Below are lines of data; restate word for word those running from the line containing "בלעדי לאתר - דגם לירן: סנדלים בצבע שחור" to the line containing "Tradizione e innovazione", inclusive, and no others.

╭─ STUDY MATERIAL

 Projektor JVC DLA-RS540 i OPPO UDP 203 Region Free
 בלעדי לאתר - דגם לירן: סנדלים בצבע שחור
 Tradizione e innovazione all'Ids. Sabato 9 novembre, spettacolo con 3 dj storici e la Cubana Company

╰─
╭─ STUDY MATERIAL

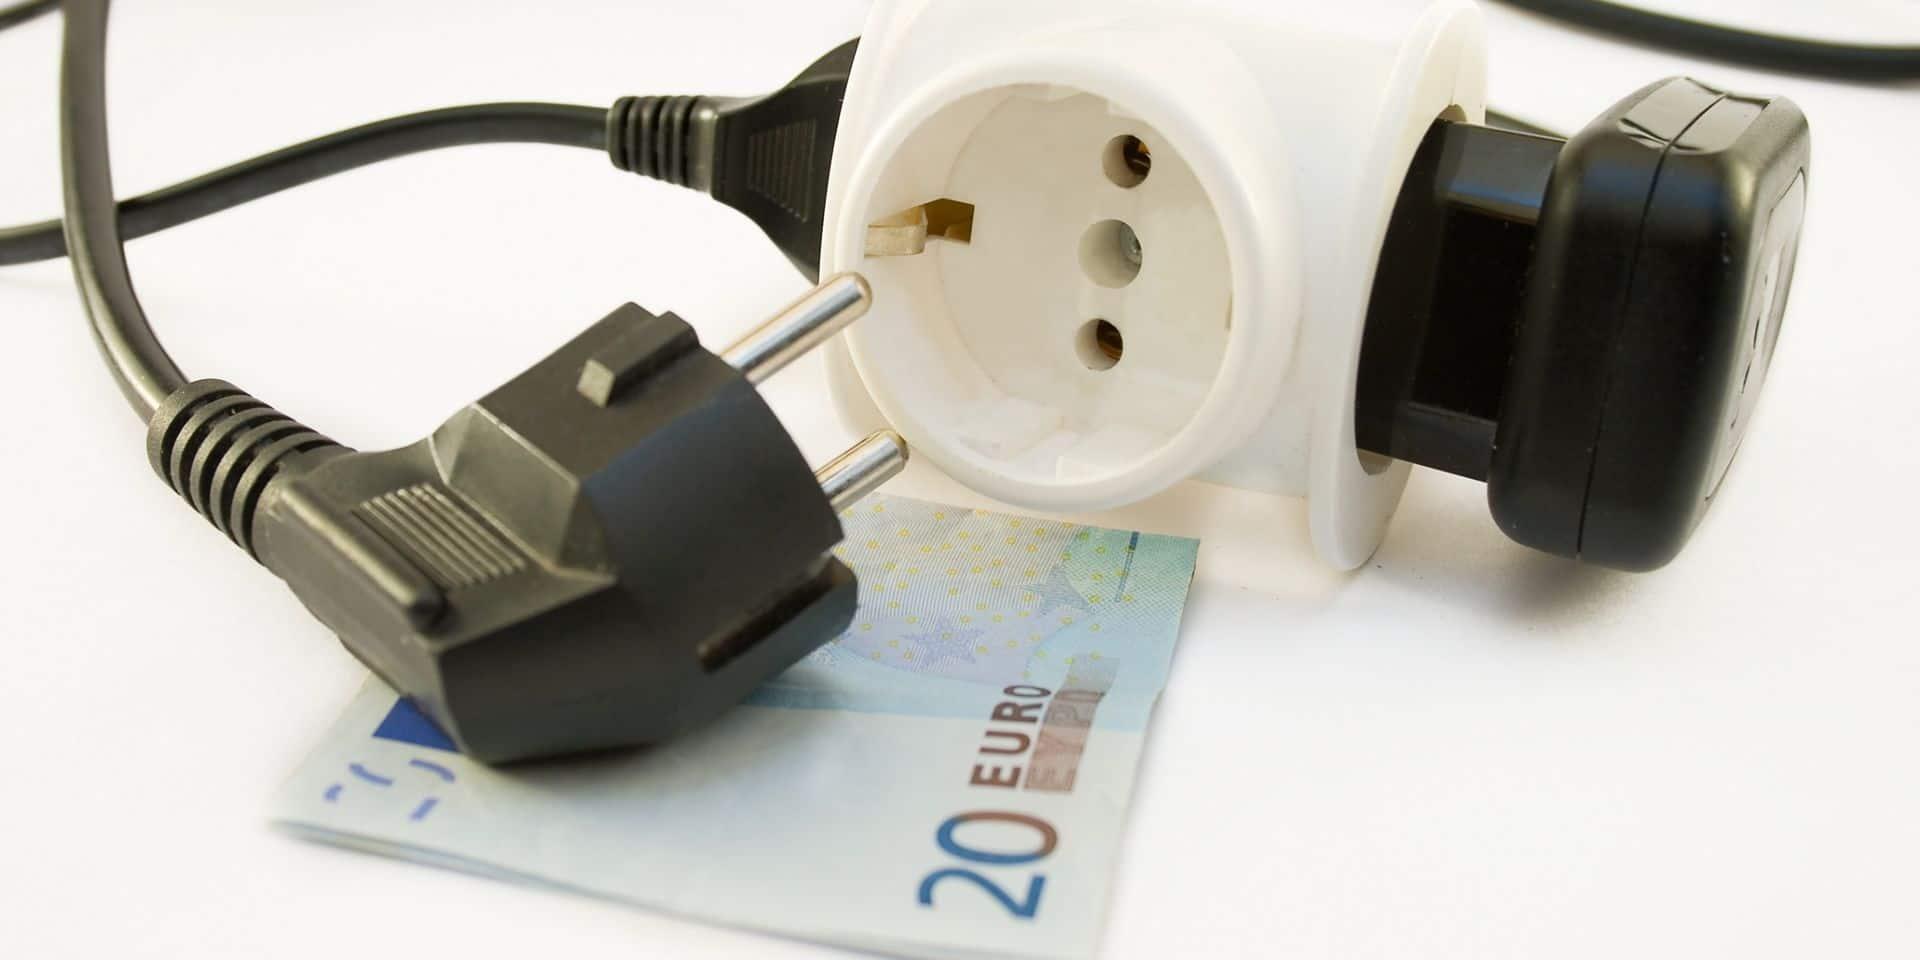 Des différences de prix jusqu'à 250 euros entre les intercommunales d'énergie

╰─

• **WRITTEN RESPONSE**
 בלעדי לאתר - דגם לירן: סנדלים בצבע שחור
 Tradizione e innovazione all'Ids. Sabato 9 novembre, spettacolo con 3 dj storici e la Cubana Company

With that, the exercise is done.